What if I told you that you could simultaneously improve your performance and reduce your risk of injury in as little as 20 minutes a day? You’d probably think that I was going to try to sell you a shake weight. But alas, I’m only going to attempt to sell you on something that you probably already know about or potentially even do already as part of your training program, yet maybe not with as much priority or focus as it requires. I want to sell you on mobility.
Mobility is a trendy word that has been thrown around recently and is slowly gaining some traction within the athletic domain. For the sake of this article, I will define mobility as the process of improving joint capsule range of motion, decreasing muscle tightness and tendon restriction, and improving sliding surfaces. A lack of mobility will result in decreased force production, inefficient movement patterns, and movement restrictions which may lead to injury.
Some athletes may already do some form of mobility practice, potentially including the occasional short foam rolling or stretching session before or after a workout; but a mobility practice needs to be more strategic than that. A mobility practice needs to take into account an athlete’s specific athletics as well as their lifestyle. The human body is an amazingly adaptable machine and it will form itself into (almost) any shape you put it in, whether for better or for worse.
With that being said, what position are you subjecting your body to the majority of the day: aero position on the bike or lazy position at your work desk? That’s what I thought. This means your strategy for mobilization should not only focus on preparing yourself for your one hour workout but also at improving some of the joint restrictions caused by the shapes that you put your body in the other 23 hours of the day. If you want to improve your performance and reduce the amount of nagging injuries, you need to improve the quality of your tissues so that you train and race on a body that isn’t consistently in a compromised position.
In the future articles, I will specifically address these major parts of the body and how you can improve the mobility of each: The foot and ankle, the knees, the hips, the shoulder, and the spine. But so that you don’t go away empty handed, the following are five lifestyle changes that you can do right now to improve your mobility and body position. You don’t even need a foam roller!
Point your feet straight ahead
You’re a human, not a duck, why are your toes pointed out? Your body was engineered to perform most efficiently when your feet are parallel and pointed straight forward. Non-parallel feet are disastrous for your body, including collapsed arches, inward knee tracking, and much more. Your feet should not only be pointed forward while you’re running, but throughout the entire day. You can fix this problem by consistently checking your feet throughout the day and adjusting them if they turn out.
Stop wearing elevated heels
Elevated heels mean that the heel of the shoe is raised above the forefoot of the shoe. Wearing elevated heels puts your foot into a constantly plantar-flexed position (toes pointed down) which in turn causes the arches of the foot to collapse and the heel cords (Achilles’ tendon) to shorten, basically removing your dorsi-flexion (toes pointed up). This is not as simple as trading in your stability super running shoes and buying a pair of zero-drops that will almost certainly result in disaster. Instead, purchase a pair of minimalist shoes and spend at least two months transitioning into them. Start out by doing your warm up in the minimal shoes and then transitioning into your current shoes; each week increase the duration by about 5-10 percent. Also, if you’re wearing elevated heels to work, go buy zero drop dress shoes; they make them, I promise.

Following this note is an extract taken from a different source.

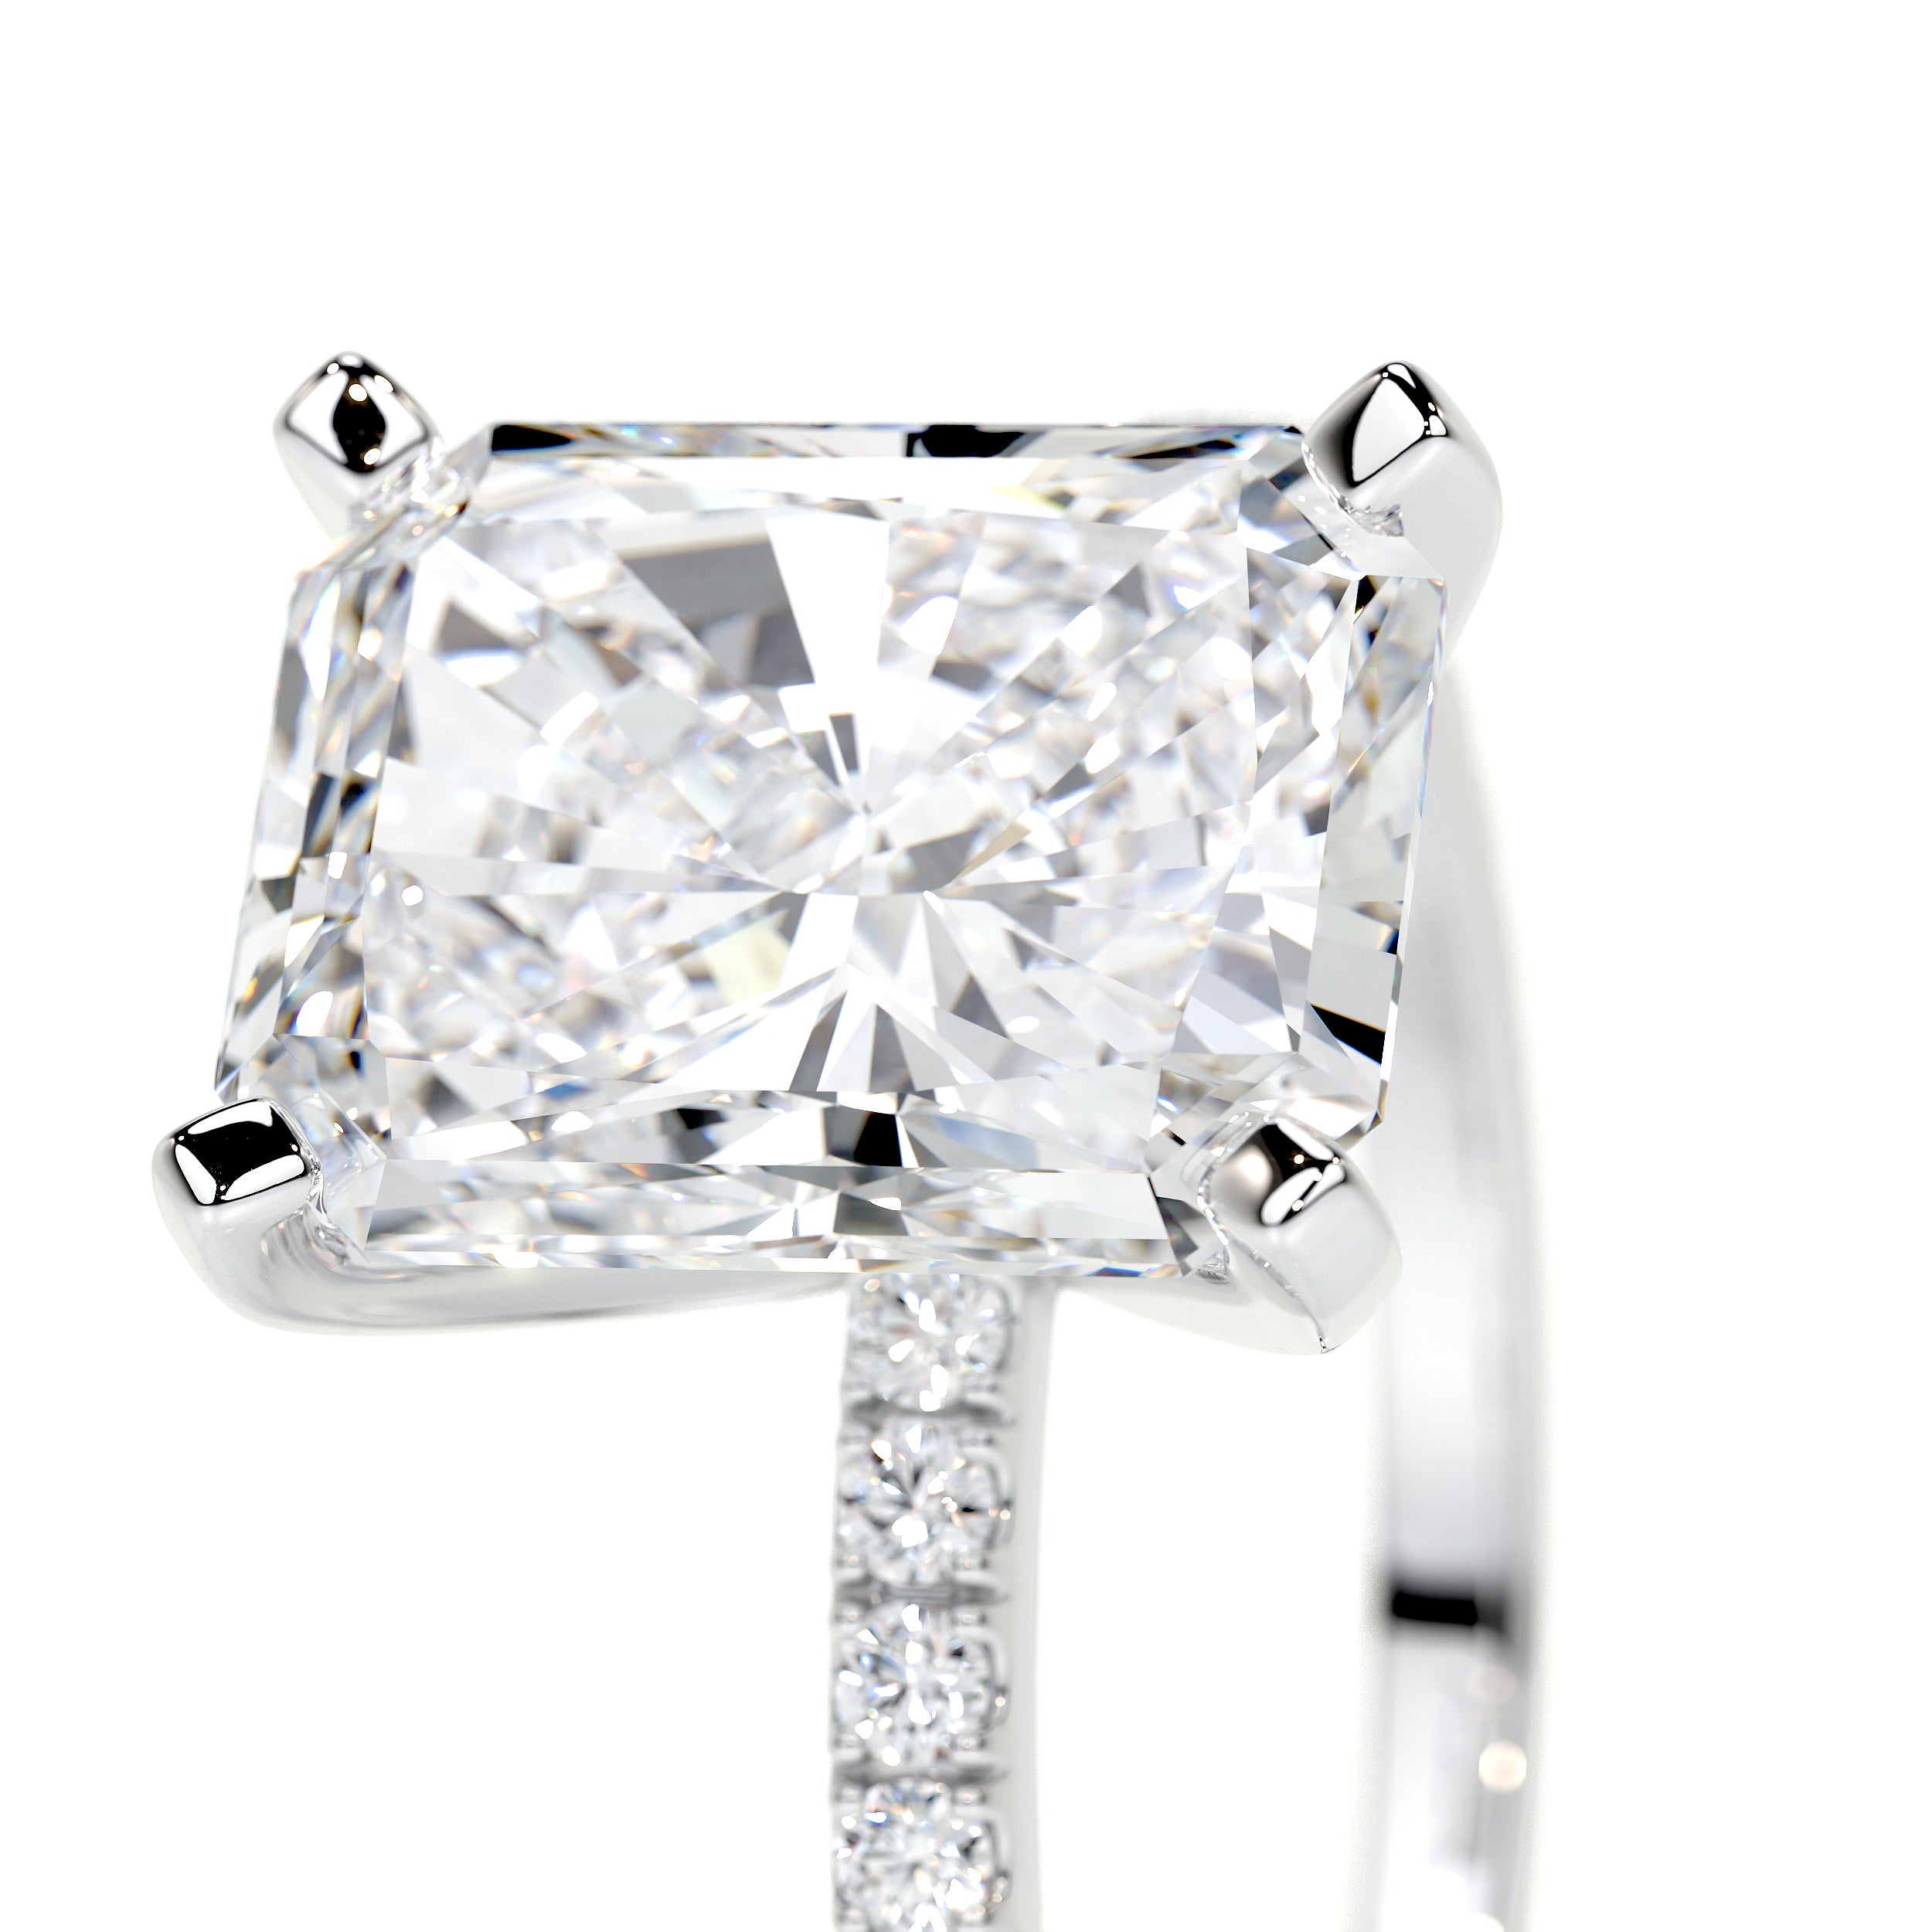 Audrey Lab Grown Diamond Ring -18K White Gold

You’ve heard it, right:“Sitting is the new smoking”? This isn’t just from a cardiovascular health standpoint; it’s really a dumpster fire and it’s ruining your body. At a minimum, sitting turns off your posterior musculature (If you’re sitting while you read this, how fired up are your glutes right now? Oh, they’re asleep?), shortens your hip flexors and the connecting musculature of your quads, and misaligns your femur towards the front of the joint socket. All of these ingredients are a recipe for a highly compromised run gait, among other issues. Therefore, limit your time spent sitting! If you have the option, use a stand up desk at work or set an alarm on your phone every 30-60 minutes to stand up and work on your hip extension for a couple minutes before sitting back down.
Don’t slouch (and stop texting!)
How much time during the day do you spend slouched over your laptop or your phone texting? While this may seem like a comfortable and relaxed position, you’re putting yourself into a shape of compromise with a tight thoracic spine, rolled forward shoulders, and a forward head. Neck pain, poor shoulder mobility, and lower back pain are usually the most common results of this poor position. To improve your position, consistently work at “pulling your shoulder blades together” and sitting up with a stable core. When texting, maintain this same position but bring the phone in front of your neutral head; don’t move your head to the phone (this is going to look weird, but your body will thank you).
Hydration is one of the single most important factors that an endurance athlete has to deal with. Hydration is not as simple as just helping you cool down on a hot day. Water plays a role in every function of your body, down to the cellular level. Body heat regulation, tissues, joints, nerves, cartilage, regulatory systems, and so much more are all effected by your level of hydration. To improve this, you should be drinking around 2-3 liters of water per day and replacing the amount of fluid lost during exercise. When you’re not drinking water with food, make sure that you’re also adding in a small amount of electrolytes to your water to improve absorption.
Use these lifestyle changes right now to begin cultivating a mobile body, so that you can move better to perform better!